The actual hooks need to be named @file{start-commit}, @file{pre-commit} and
@file{post-commit}. The template (.tmpl) files are example shell scripts to
get you started; read them for details about how each hook works. To
make your own hook, just copy @file{foo.tmpl} to @file{foo} and edit.
(The @file{read-sentinels} and @file{write-sentinels} are not yet implemented.
They are intended to be more like daemons than hooks. A sentinel is
started up at the beginning of a user operation. The Subversion
server communicates with the sentinel using a protocol yet to be
defined. Depending on the sentinel's responses, Subversion may stop
or otherwise modify the operation.)
Here is a description of the hook programs:
@table @samp
@item @file{start-commit}
This is run before the committer's transaction is even created. It is
typically used to decide if the user has commit privileges at all. The
repository passes two arguments to this program: the path to the
repository, and username which is attempting to commit. If the program
returns a non-zero exit value, the commit is stopped before the
transaction is even created.
@item @file{pre-commit}
This is run when the transaction is complete, but before it is
committed. Typically, this hook is used to protect against commits that
are disallowed due to content or location (for example, your site might
require that all commits to a certain branch include a ticket number
from the bug tracker, or that the incoming log message is
non-empty.)@footnote{At this time, this is the only method by which
users can implement finer-grained access control beyond what
@file{httpd.conf} offers. In a future version of Subversion, we plan to
implement ACLs directly in the filesystem.} The repository passes two
arguments to this program: the path to the repository, and the name of
the transaction being committed. If the program returns a non-zero exit
value, the commit is aborted and transaction is removed.
The Subversion distribution includes a
@file{tools/hook-scripts/commit-access-control.pl} script that can be
called from @file{pre-commit} to implement fine-grained access control.
@item post-commit
This is run after the transaction is committed, and we have a new
revision. Most people use this hook to send out descriptive
commit-emails or to make a hot-backup of the repository. The repository
passes two arguments to this program: the path to the repository, and
the new revision number that was created. The exit code of the program
is ignored.
The Subversion distribution includes a
@file{tools/hook-scripts/commit-email.pl} script that can be used to
send out the differences applied in the commit to any number of email
addresses.
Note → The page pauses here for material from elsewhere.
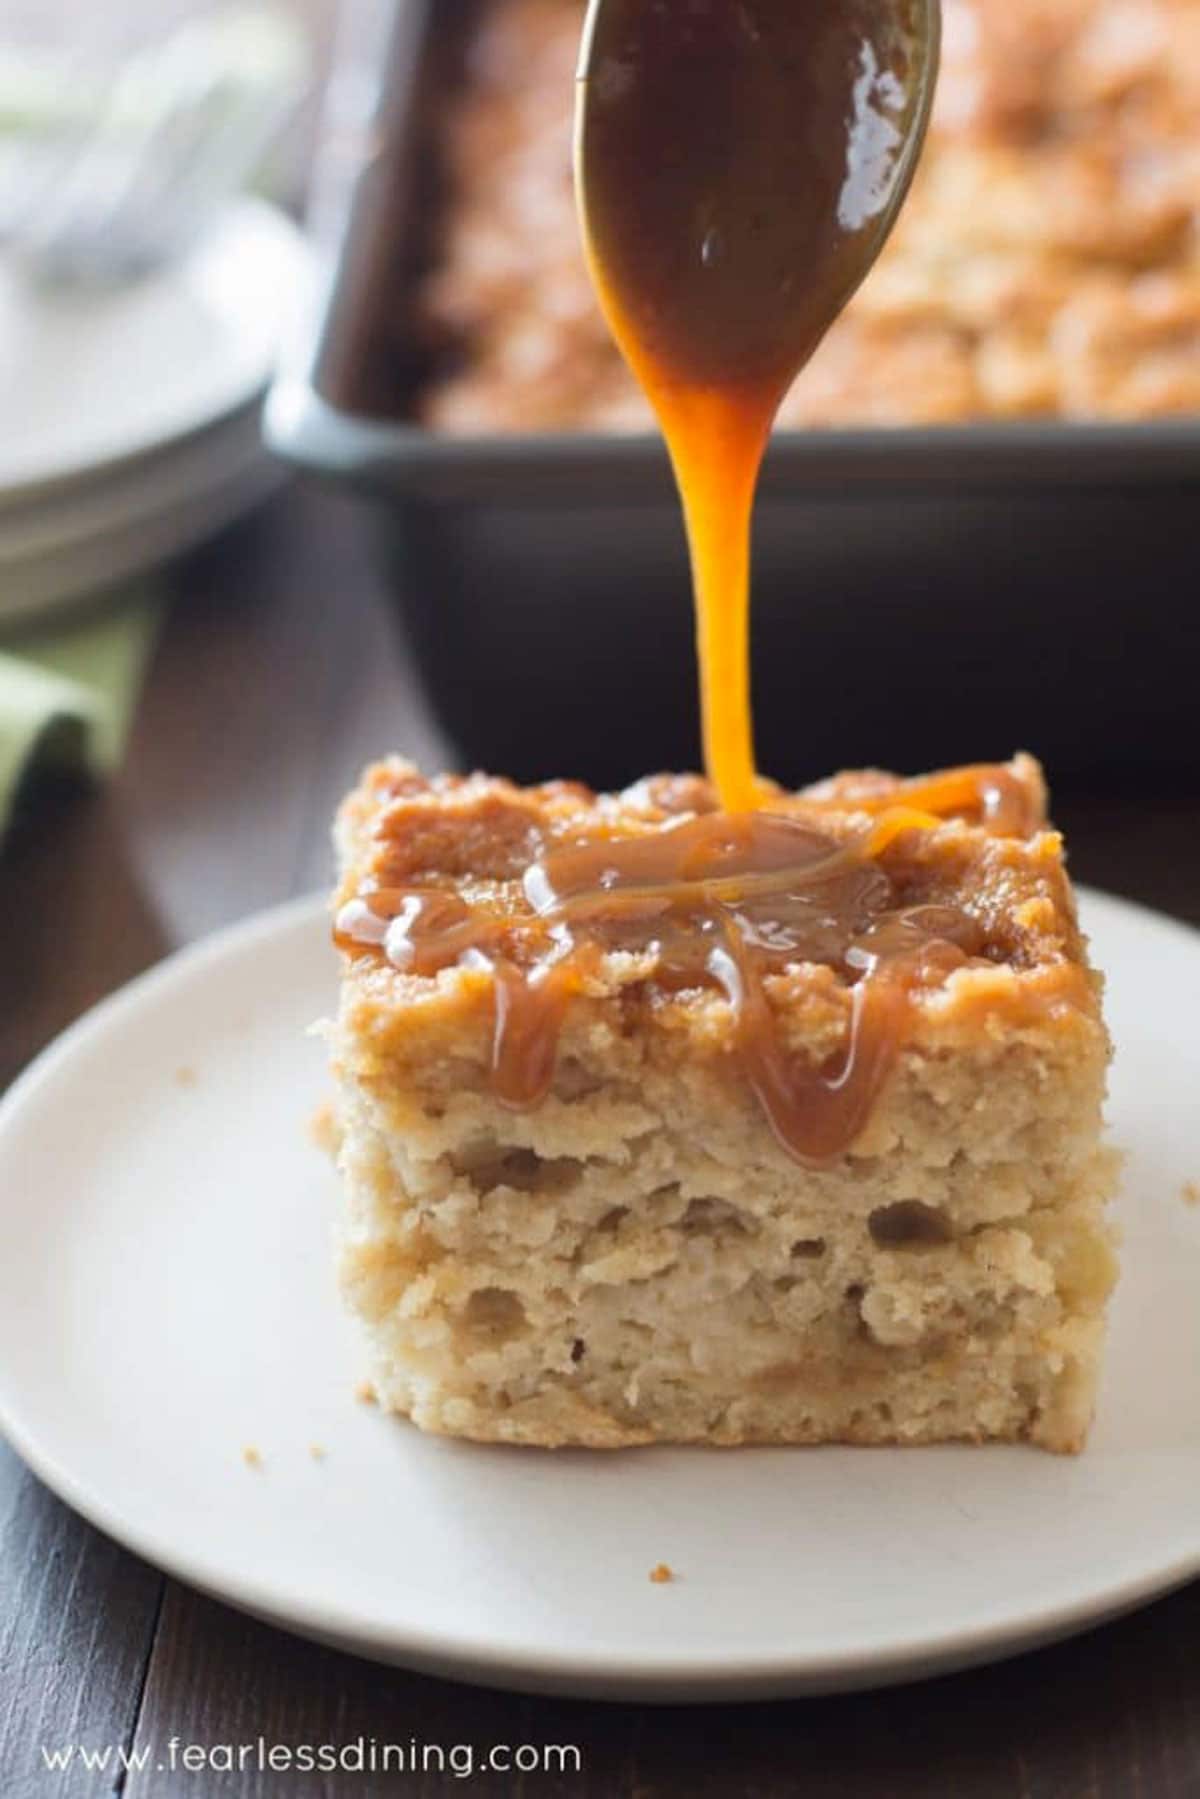 a slice of caramel apple cake with caramel being drizzled over the top
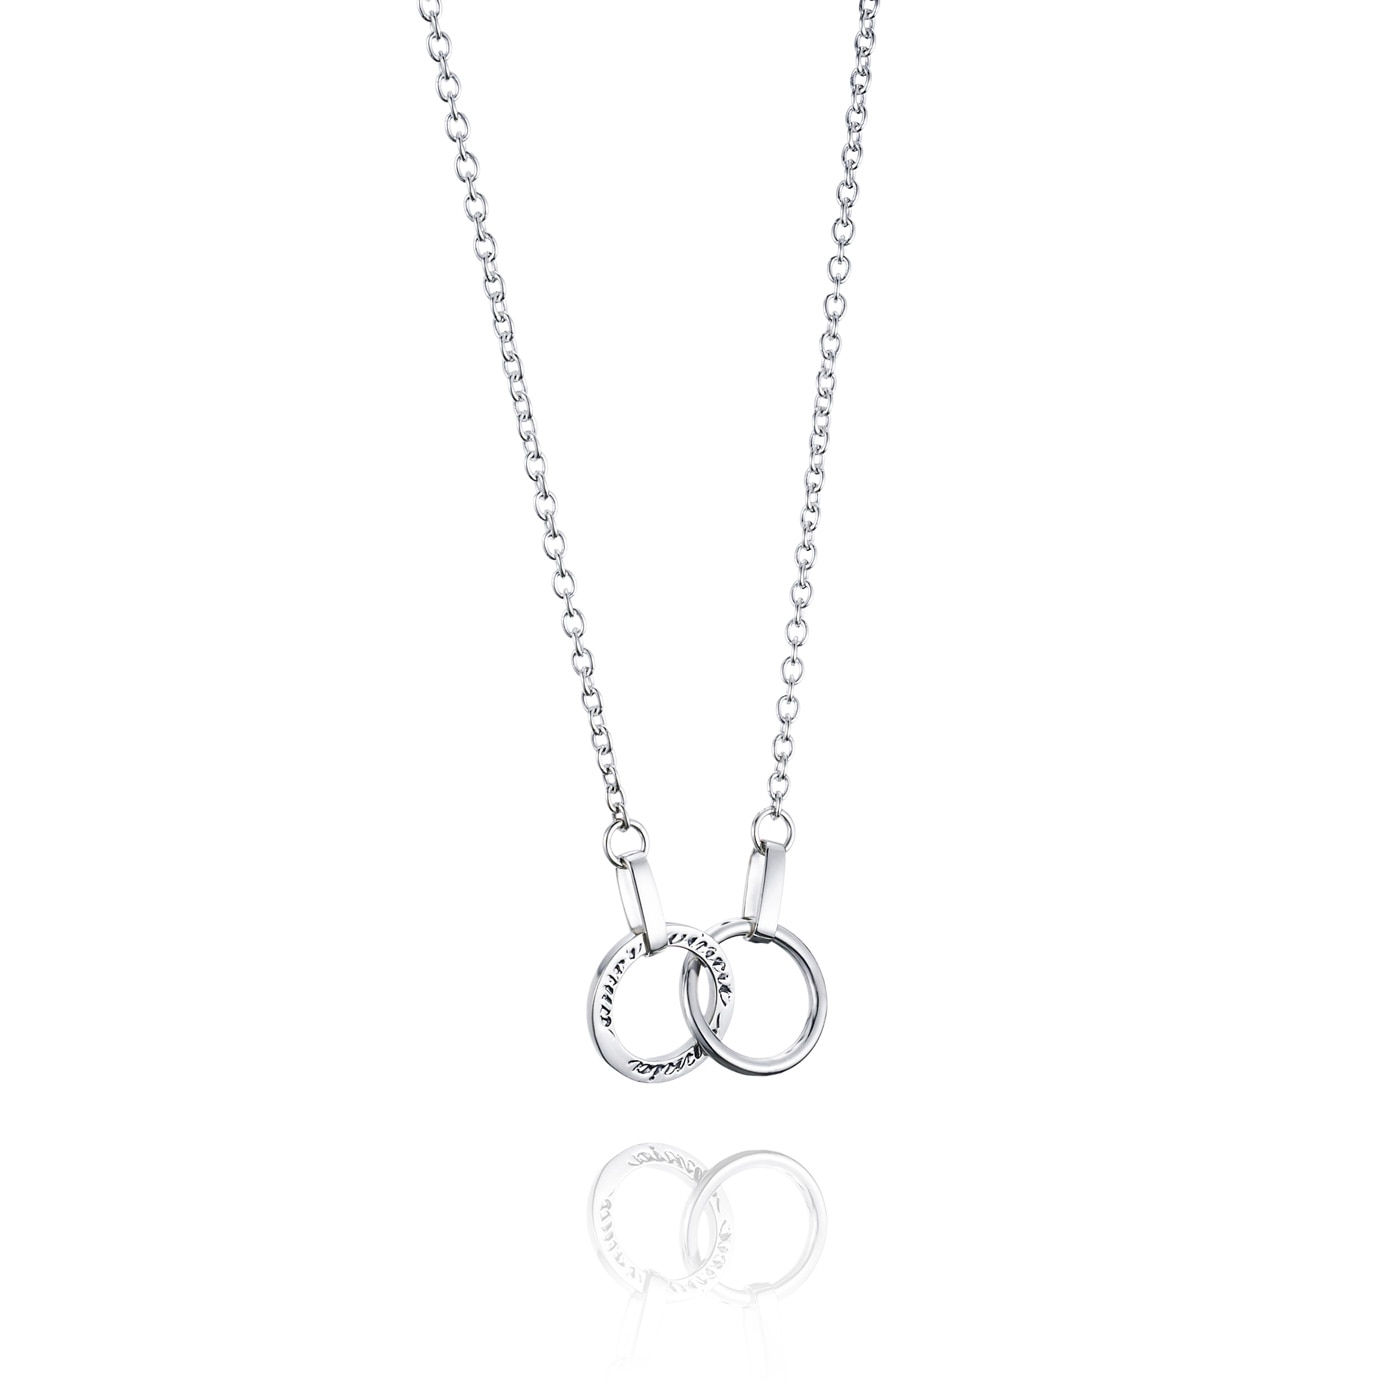 Twosome-Necklace-10-100-00524(2)

Also included is @file{tools/backup/hot-backup.py}, which is
a script that perform hot backups of your Subversion repository after
every commit.
@end table
Note that the hooks must be executable by the user who will invoke them
(commonly the user httpd runs as), and that same user needs to be able
to access the repository.
The @file{pre-commit} and @file{post-commit} hooks need to know things
about the change about to be committed (or that has just been
committed). The solution is a standalone program, @command{svnlook}
(@xref{Examining a repository}.) which was installed in the same place
as the @command{svn} binary. Have the script use @command{svnlook} to
examine a transaction or revision tree. It produces output that is both
human- and machine-readable, so hook scripts can easily parse it. Note
that @command{svnlook} is read-only -- it can only inspect, not change
the repository.
@c ------------------------------------------------------------------
@node Repository maintenance
@section Repository maintenance
@subsection Berkeley DB management
At the time of writing, the subversion repository has only one
database back-end: Berkeley DB. All of your filesystem's structure
and data live in a set of tables within @file{repos/db/}.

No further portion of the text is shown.